• [Raw data]:

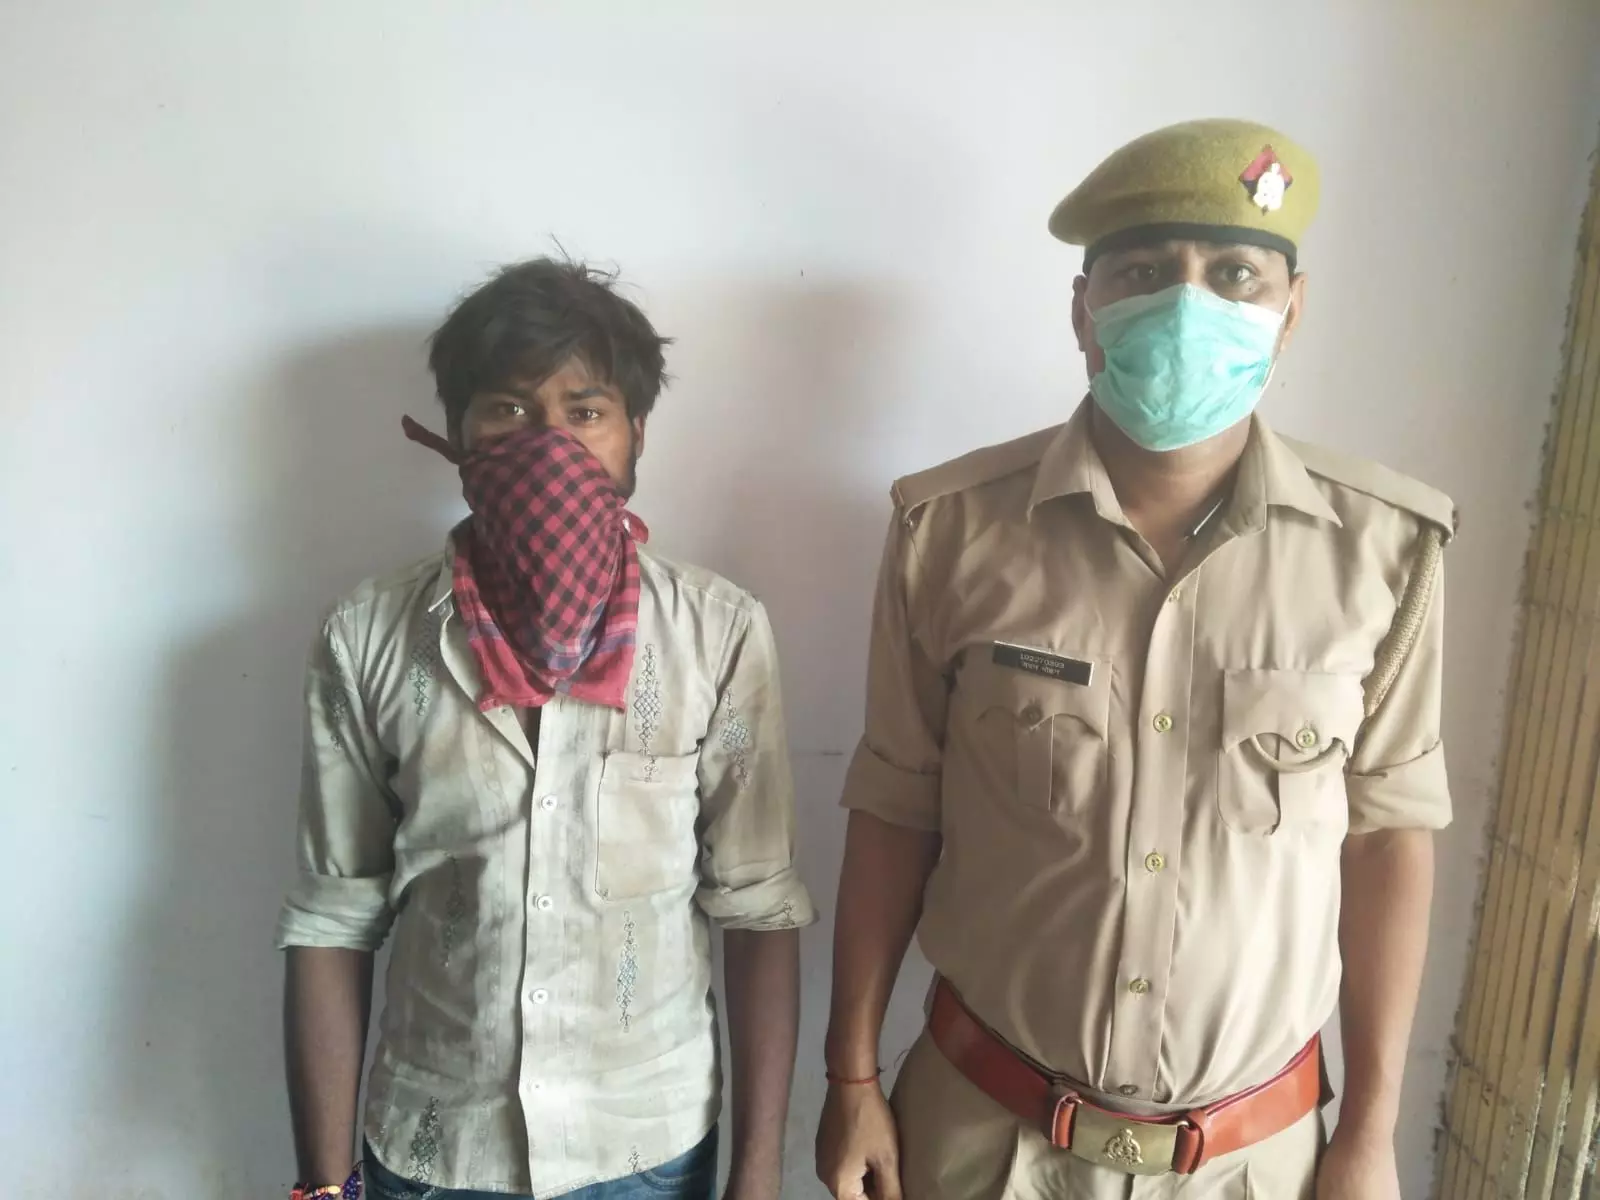 दो थाना क्षेत्रों से दुष्कर्म के आरोपी गिरफ्तार
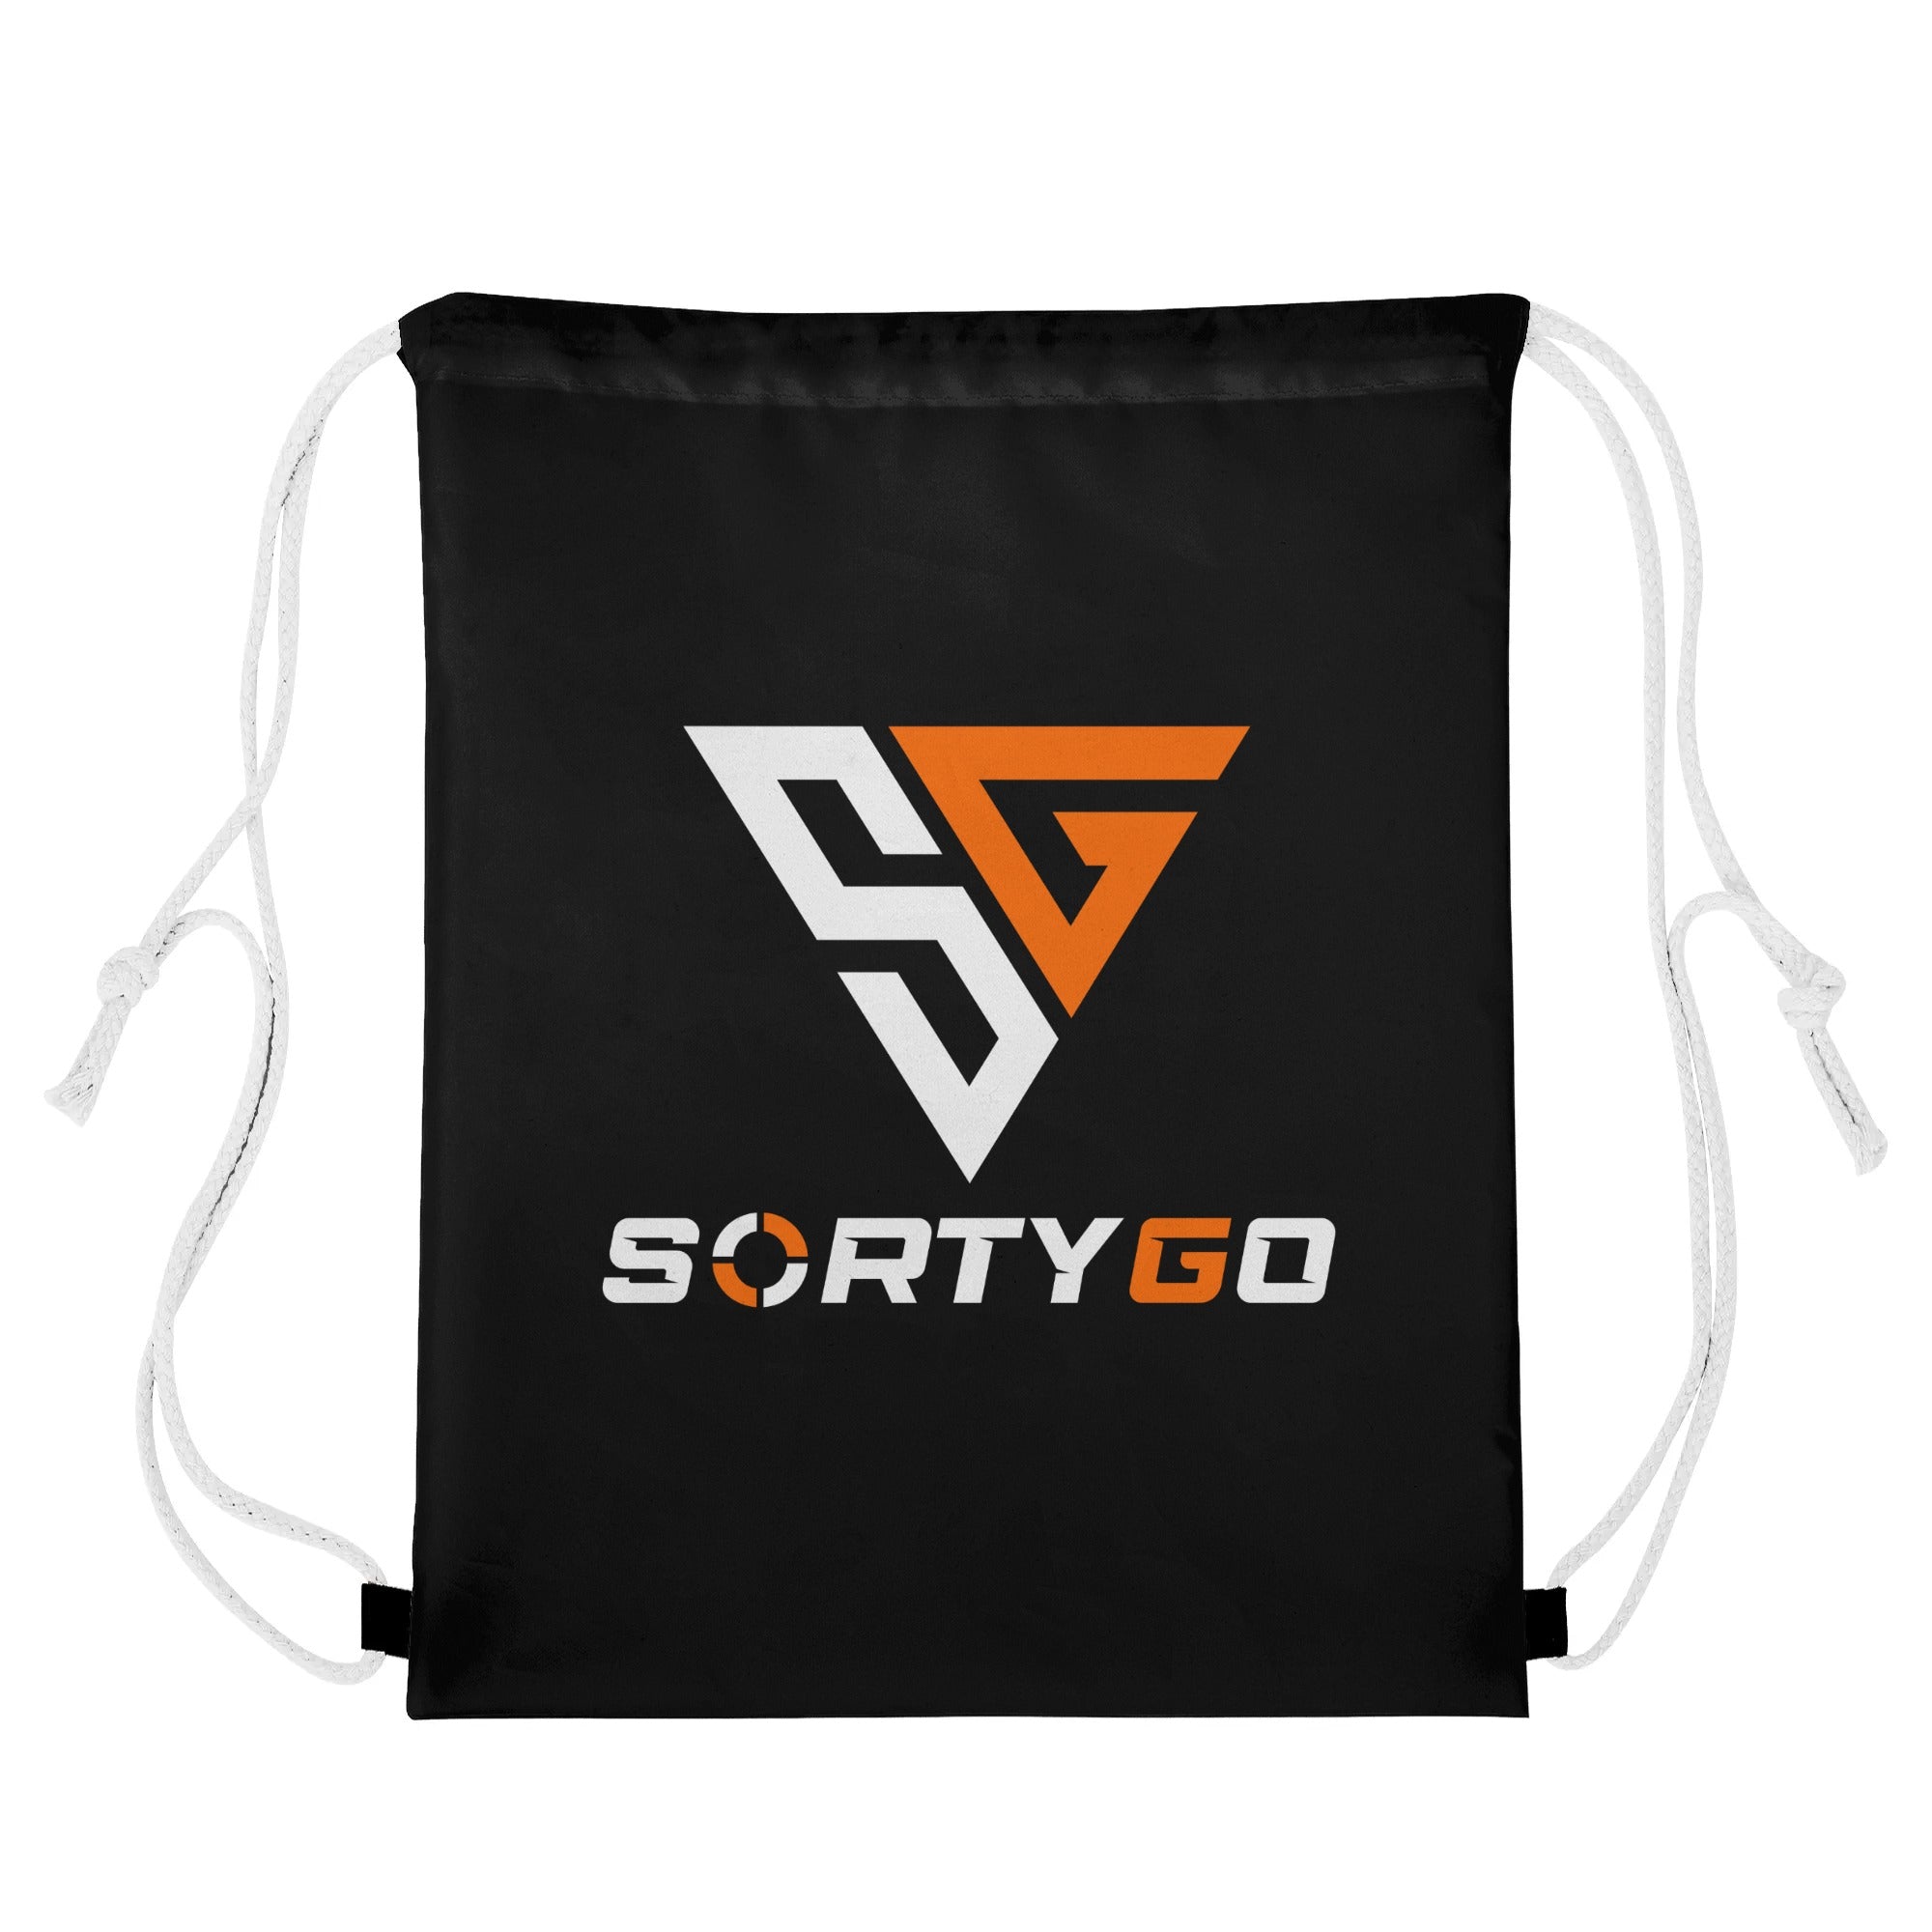 SORTYGO - Graffiti Drawstring Bag in
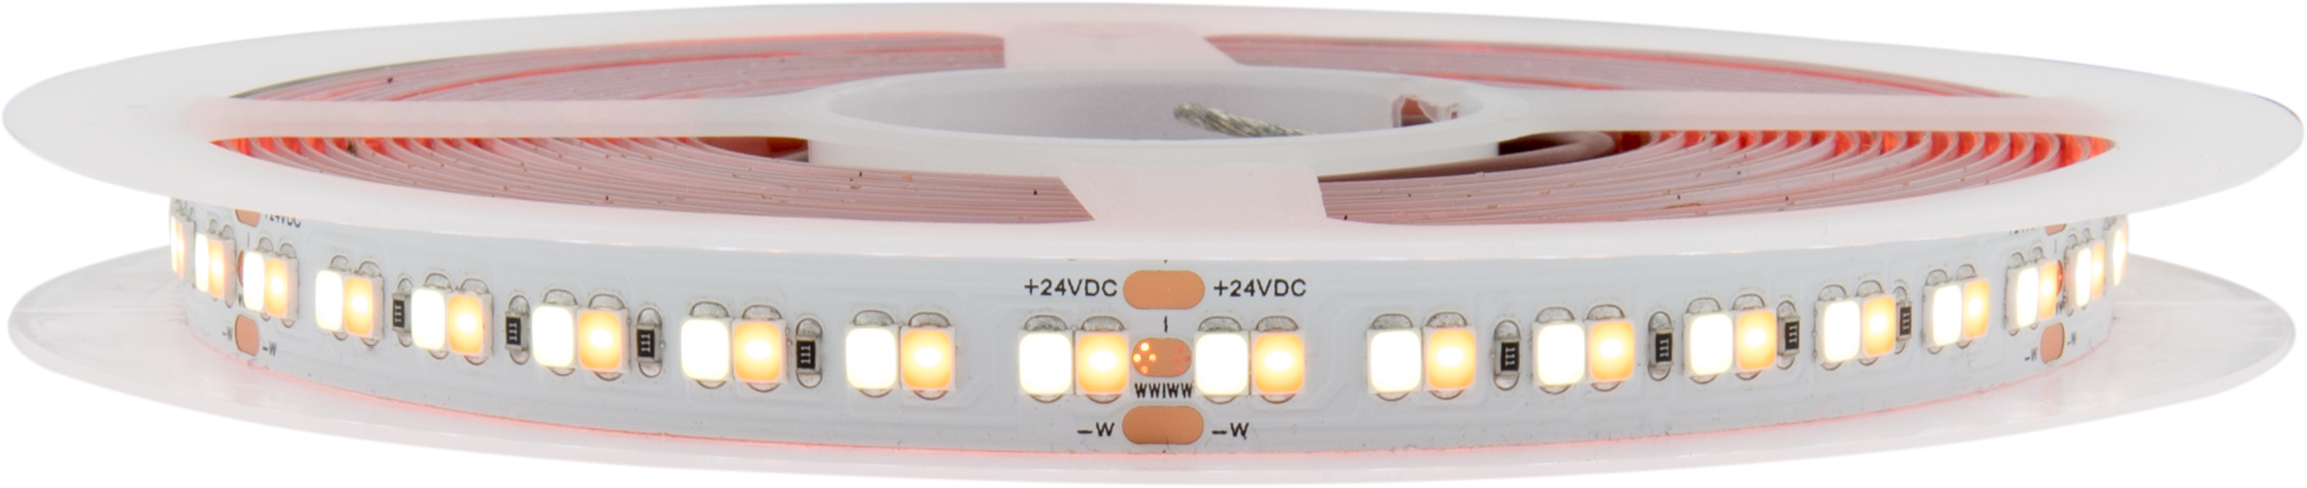 LED Flexstrip 80 ECO AW (Ambiente White) - IP20 - CRI/RA 90+

• [Activity]:
Everything in the data except the pictures needs to be written out exactly.

• [Answer to the exercise]:
 दो थाना क्षेत्रों से दुष्कर्म के आरोपी गिरफ्तार
 SORTYGO - Graffiti Drawstring Bag in
 LED Flexstrip 80 ECO AW (Ambiente White) - IP20 - CRI/RA 90+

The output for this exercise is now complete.